Love C C, Brinsko S P, Rigby S L, Thompson J A, Blanchard T L, Varner D D
Department of Physiology and Pharmacology, Texas A and M University College of Veterinary Medicine, Collage Station, TX 77843-4475, USA.
Theriogenology. 2005 Apr 1;63(6):1584-91. doi: 10.1016/j.theriogenology.2004.05.030.

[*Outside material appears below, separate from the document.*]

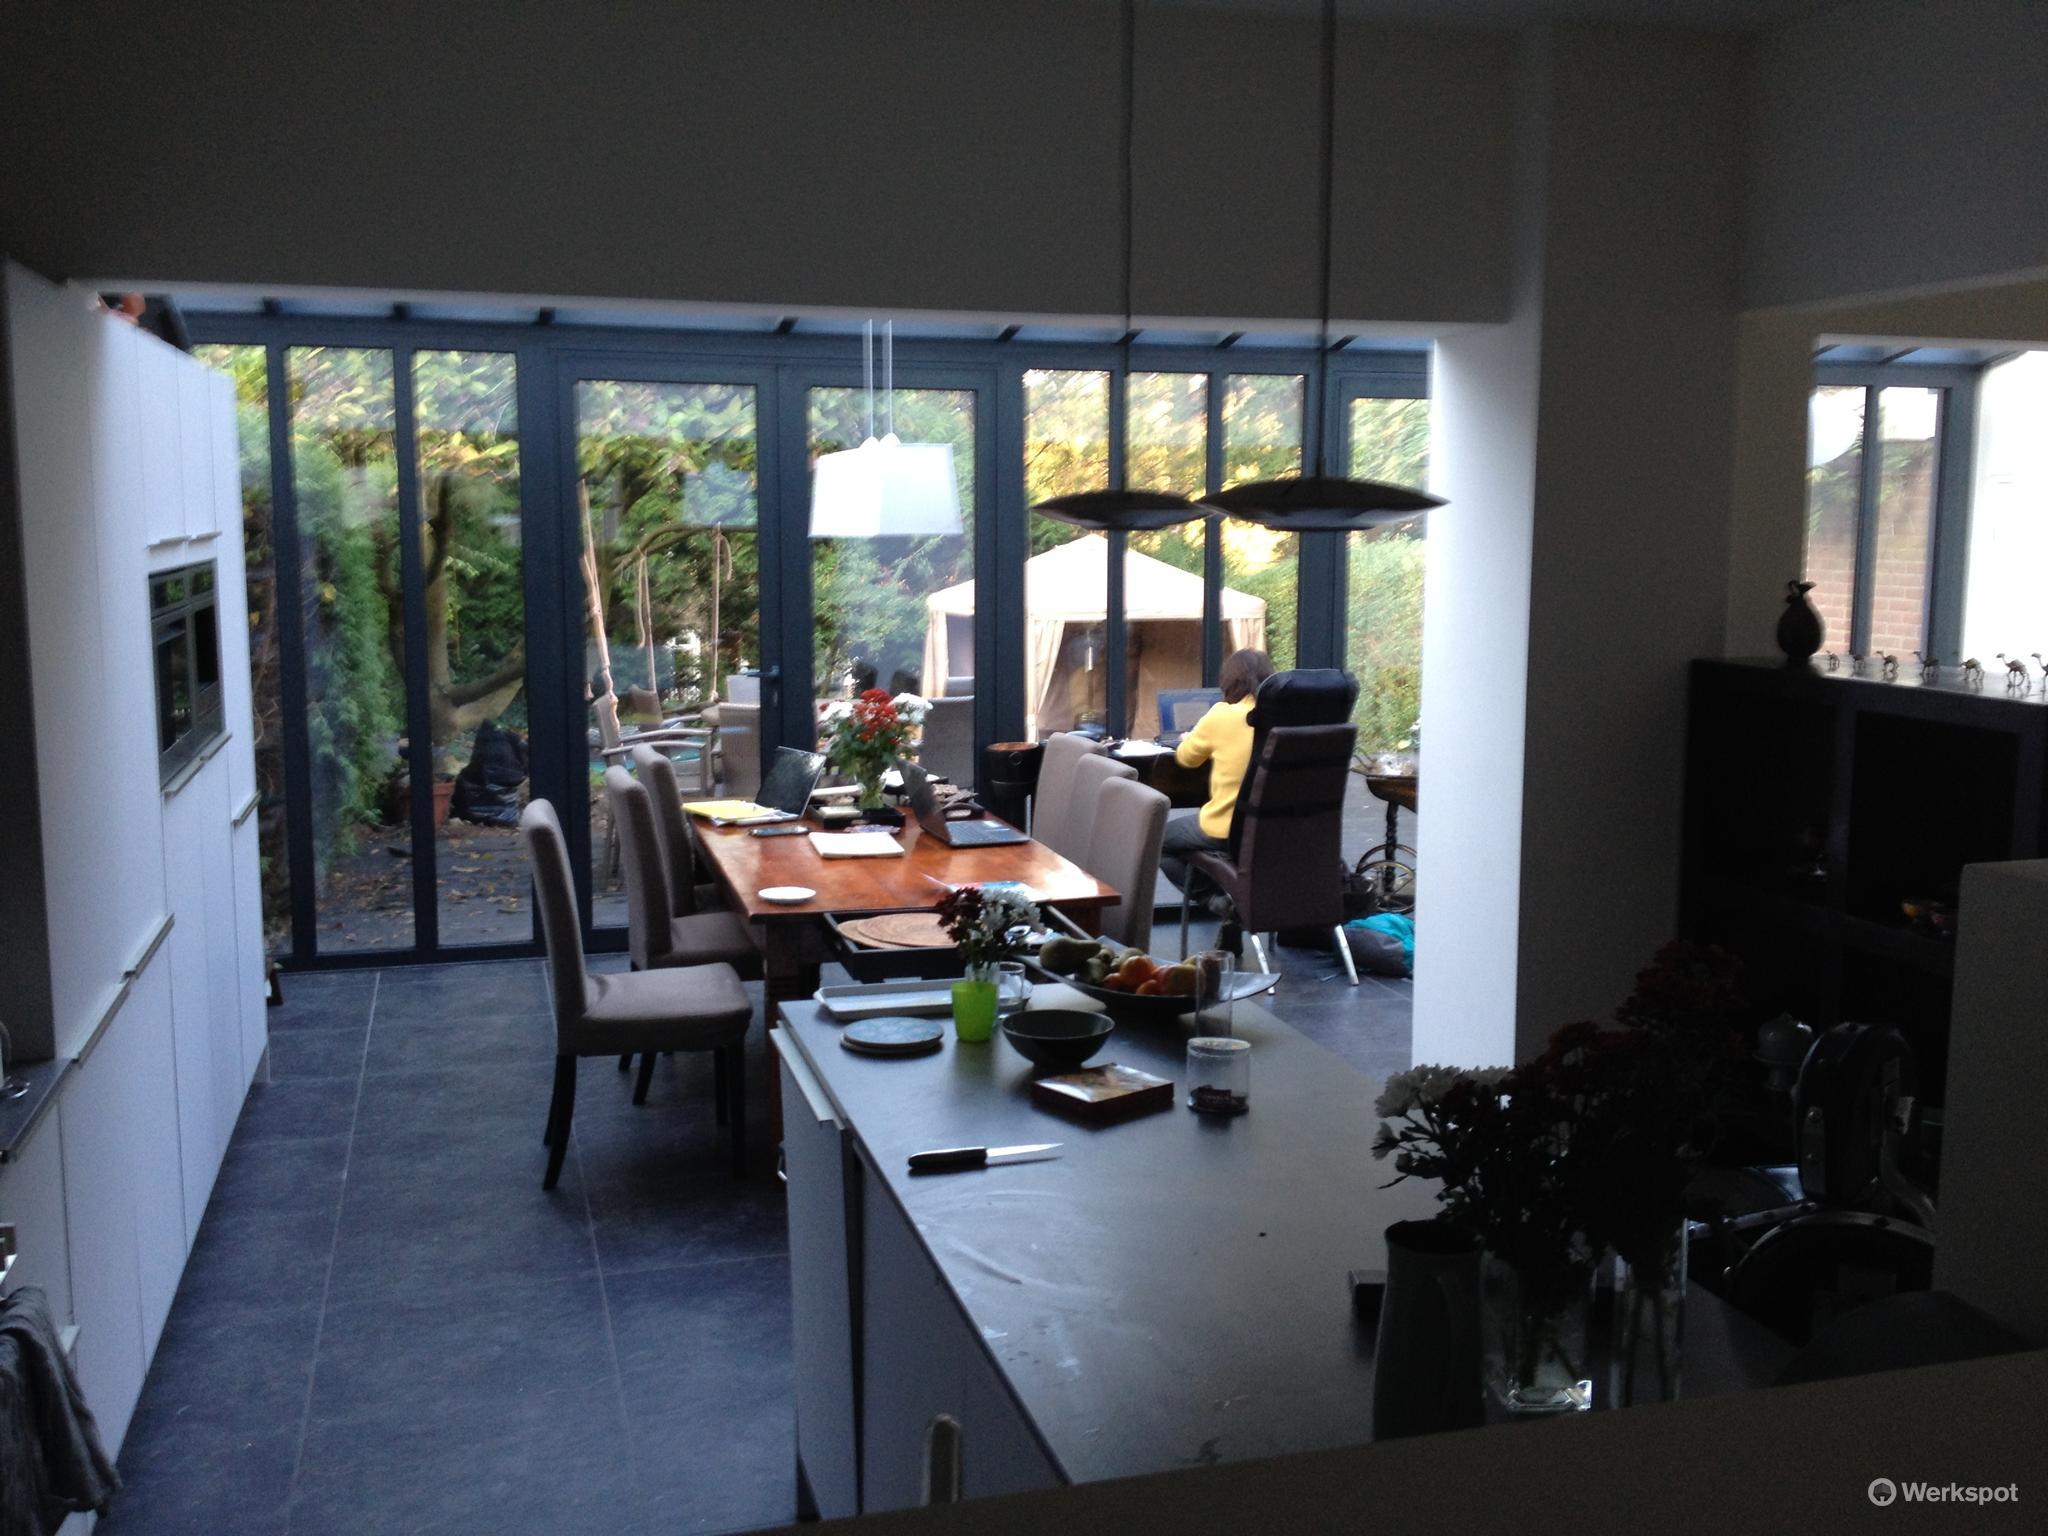 Aanschaf en aanbouw van serre verplaatsing keuken plafonds

The relationship between seminal plasma level (0, 10, or 20%) and extender type [Kenney type (EZ-Mixin-CST) or Kenney-modified Tyrodes-KMT] to the susceptibility of sperm DNA to denaturation and sperm motility measures were investigated in cooled (5 degrees C) stallion sperm. Three ejaculates from each of three fertile stallions were collected in an artificial vagina and processed as follows: diluted one part uncentrifuged semen with four parts of extender to a final concentration of 20% seminal plasma in either CST or KMT (20% CST; 20% KMT); diluted to a final concentration of 25 million sperm/mL in either CST or KMT (10% CST; 10% KMT); centrifuged to remove virtually all seminal plasma and resuspended in either CST or KMT (0% CST-Cent; 0% KMT-Cent); centrifuged semen to remove virtually all seminal plasma and resuspended with previously filtered seminal plasma from the same stallion in either CST or KMT to a final concentration of 20% seminal plasma (20% CST-Cent; 20% KMT-Cent). Sperm motion characteristics were determined by CASA and DNA integrity (%COMP, percent of cells outside the main population) evaluated by the Sperm Chromatin Structure Assay prior to cooling, and after 24 and 48 h cooled-storage at 5 degrees C. After 48 h of storage at 5 degrees C, extenders with 0% seminal plasma (0% CST-Cent, 0% KMT-Cent) maintained highest quality DNA (P < 0.05), but 0% KMT-Cent maintained higher velocity measures (P < 0.05) than 0% CST-Cent. Total sperm motility was highest (P < 0.05) in 0% CST-Cent, 0% KMT-Cent, 10% CST, 20% CST-Cent, and 20% CST compared to the other treatment groups. Progressive sperm motility was highest (P < 0.05) after 48 h of storage in the treatment with 10% seminal plasma in Kenney extender (10% CST), despite a reduction in DNA integrity. Regardless of extender type, addition of 20% seminal plasma following centrifugation resulted in almost a two-fold increase in %COMP(alpha t), even though one of the treatments (20% CST-Cent) maintained total and progressive motility similar to treatments with no seminal plasma, suggesting that sperm motility and DNA integrity may respond independently to environmental conditions. Overall, better quality sperm features (motility and DNA) were maintained in sperm from which seminal plasma was removed followed by resuspension in either Kenney extender or modified Kenney Tyrodes-type extender.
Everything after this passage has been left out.